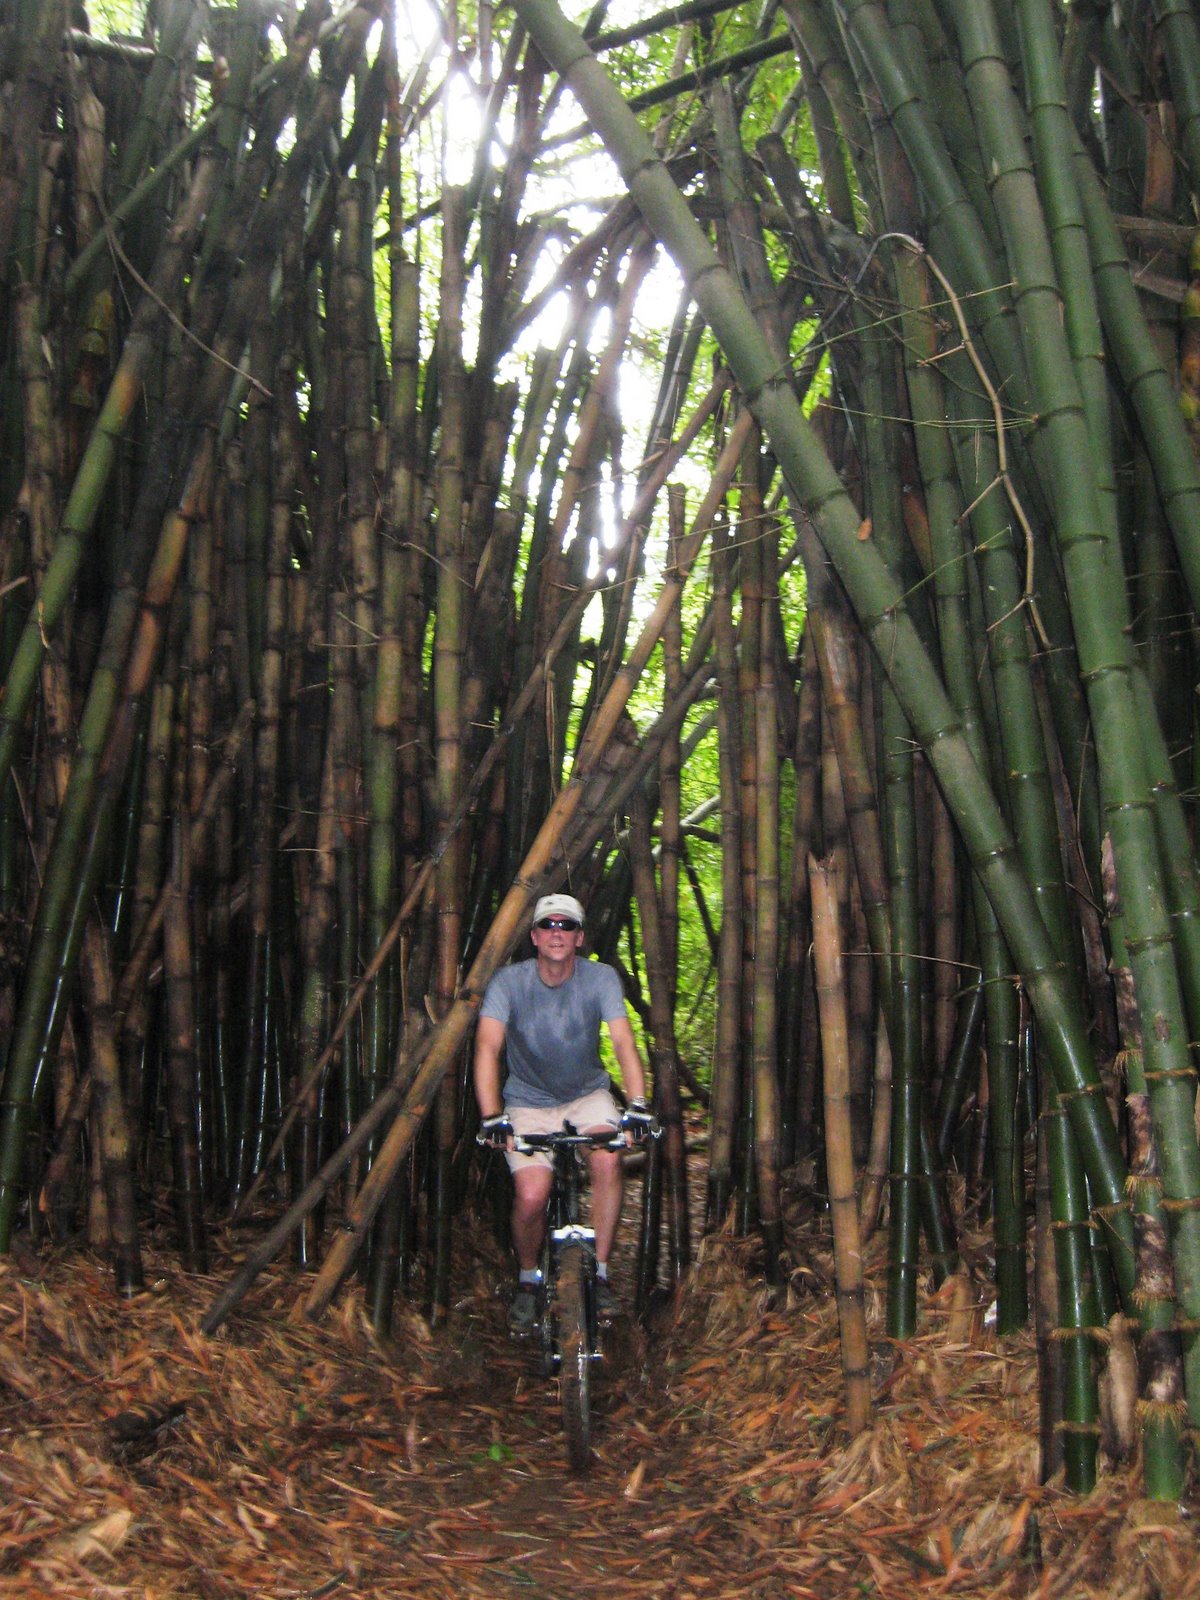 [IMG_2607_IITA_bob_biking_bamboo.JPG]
...
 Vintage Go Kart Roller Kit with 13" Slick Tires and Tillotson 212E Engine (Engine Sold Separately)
...
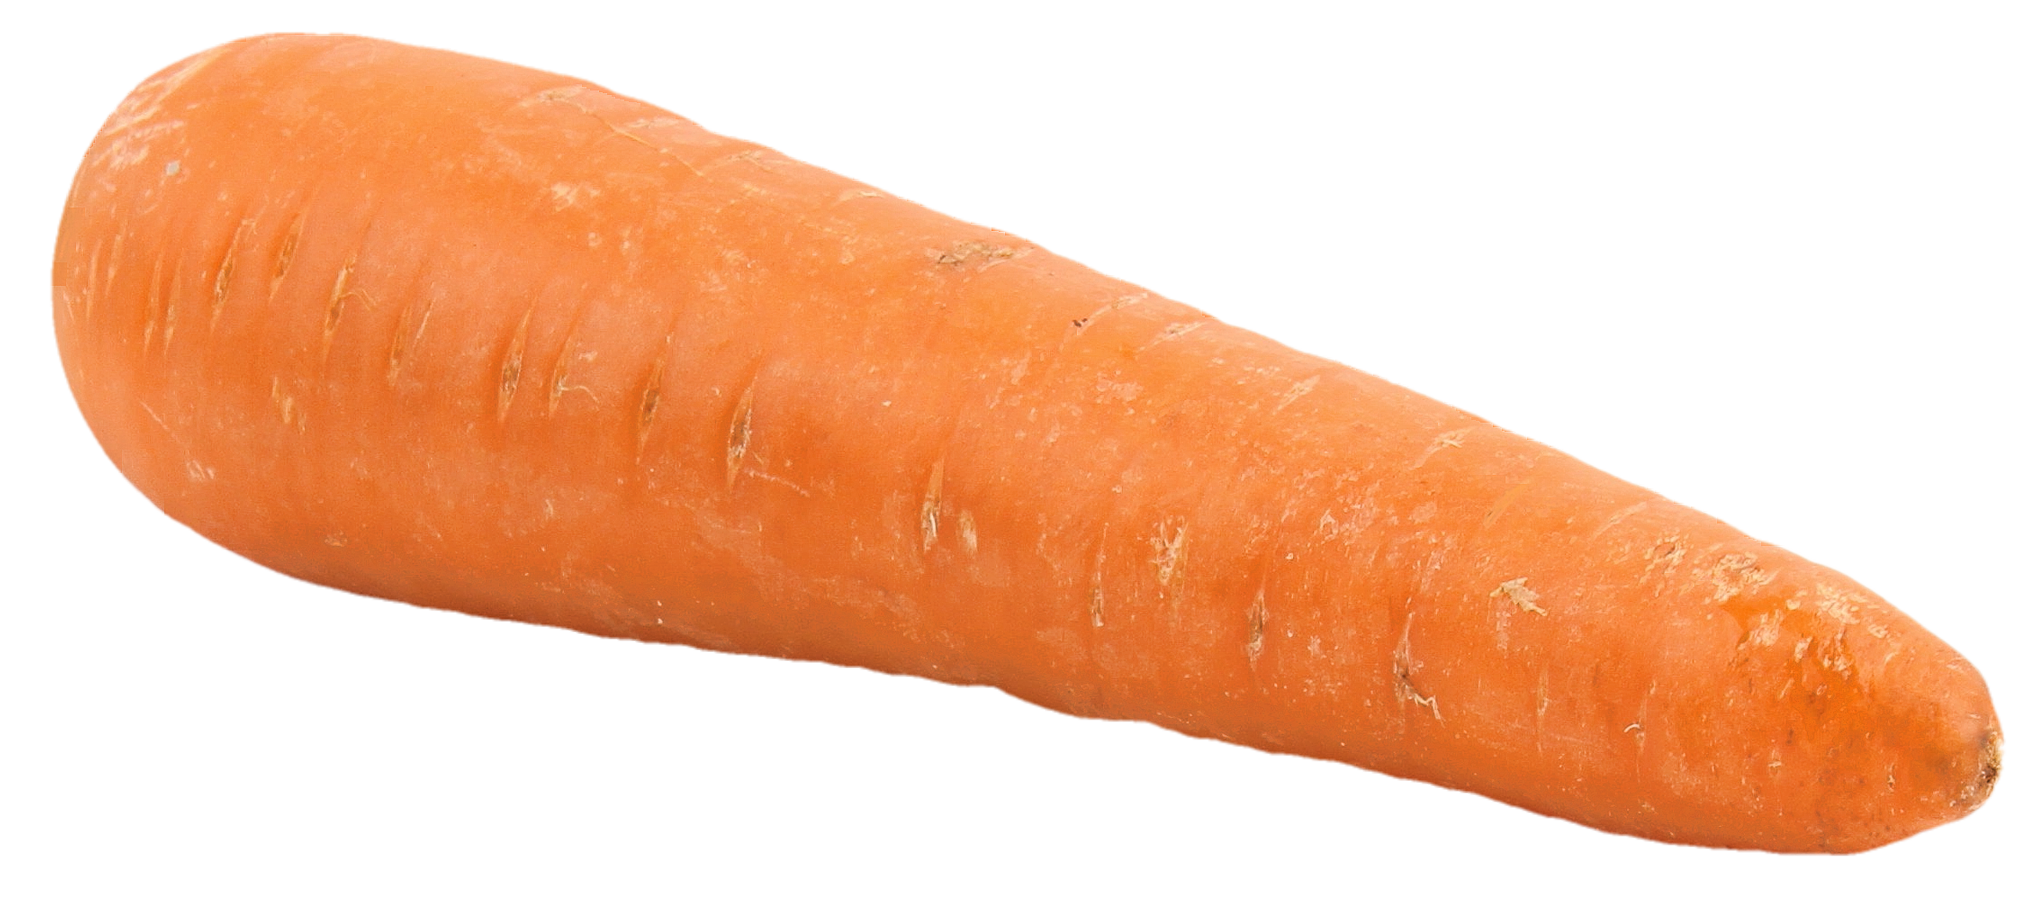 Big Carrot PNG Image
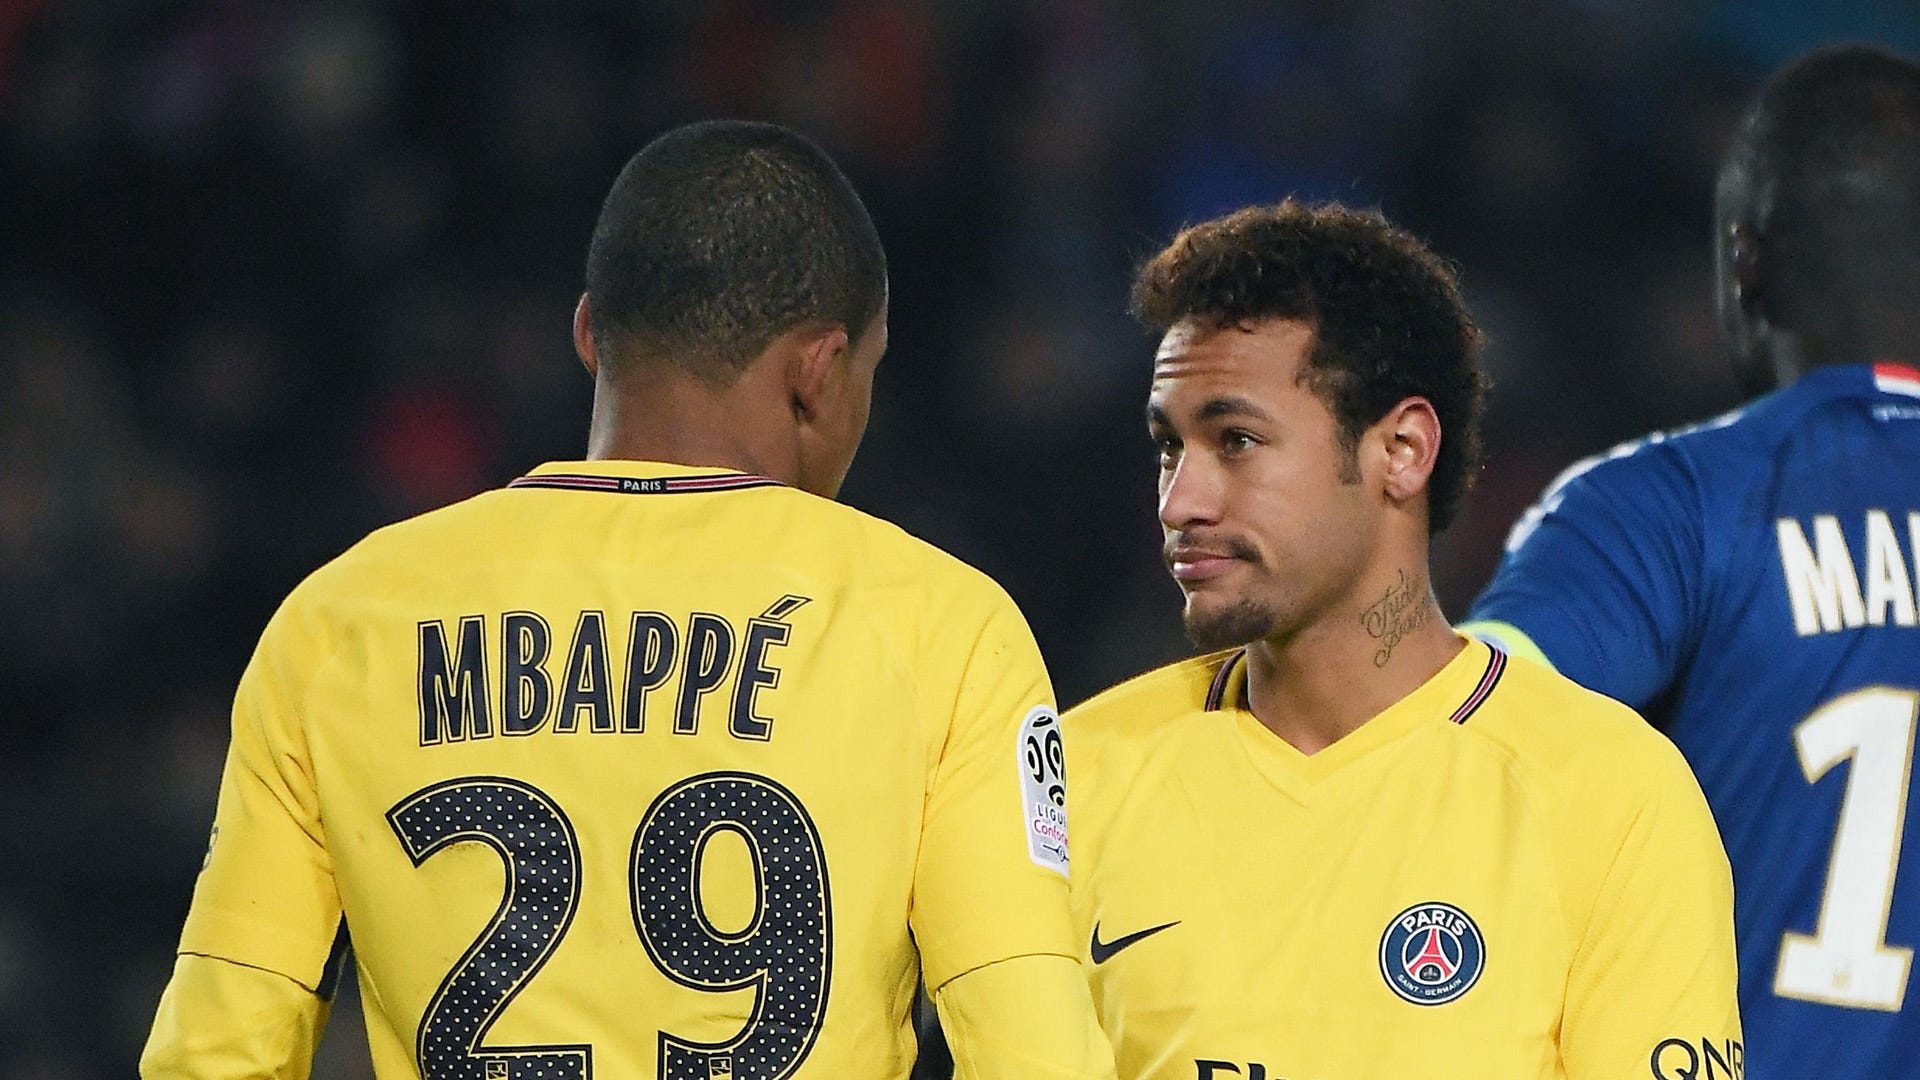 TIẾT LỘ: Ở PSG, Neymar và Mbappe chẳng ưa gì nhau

* **WORK TO COMPLETE**
Copy exactly the material above from the line with "Big Carrot PNG Image" to the line with "TIẾT LỘ: Ở PSG, Neymar", ends included, and nothing else. Leave out any picture.

* **SOLVED PROBLEM**
 Big Carrot PNG Image
 TIẾT LỘ: Ở PSG, Neymar và Mbappe chẳng ưa gì nhau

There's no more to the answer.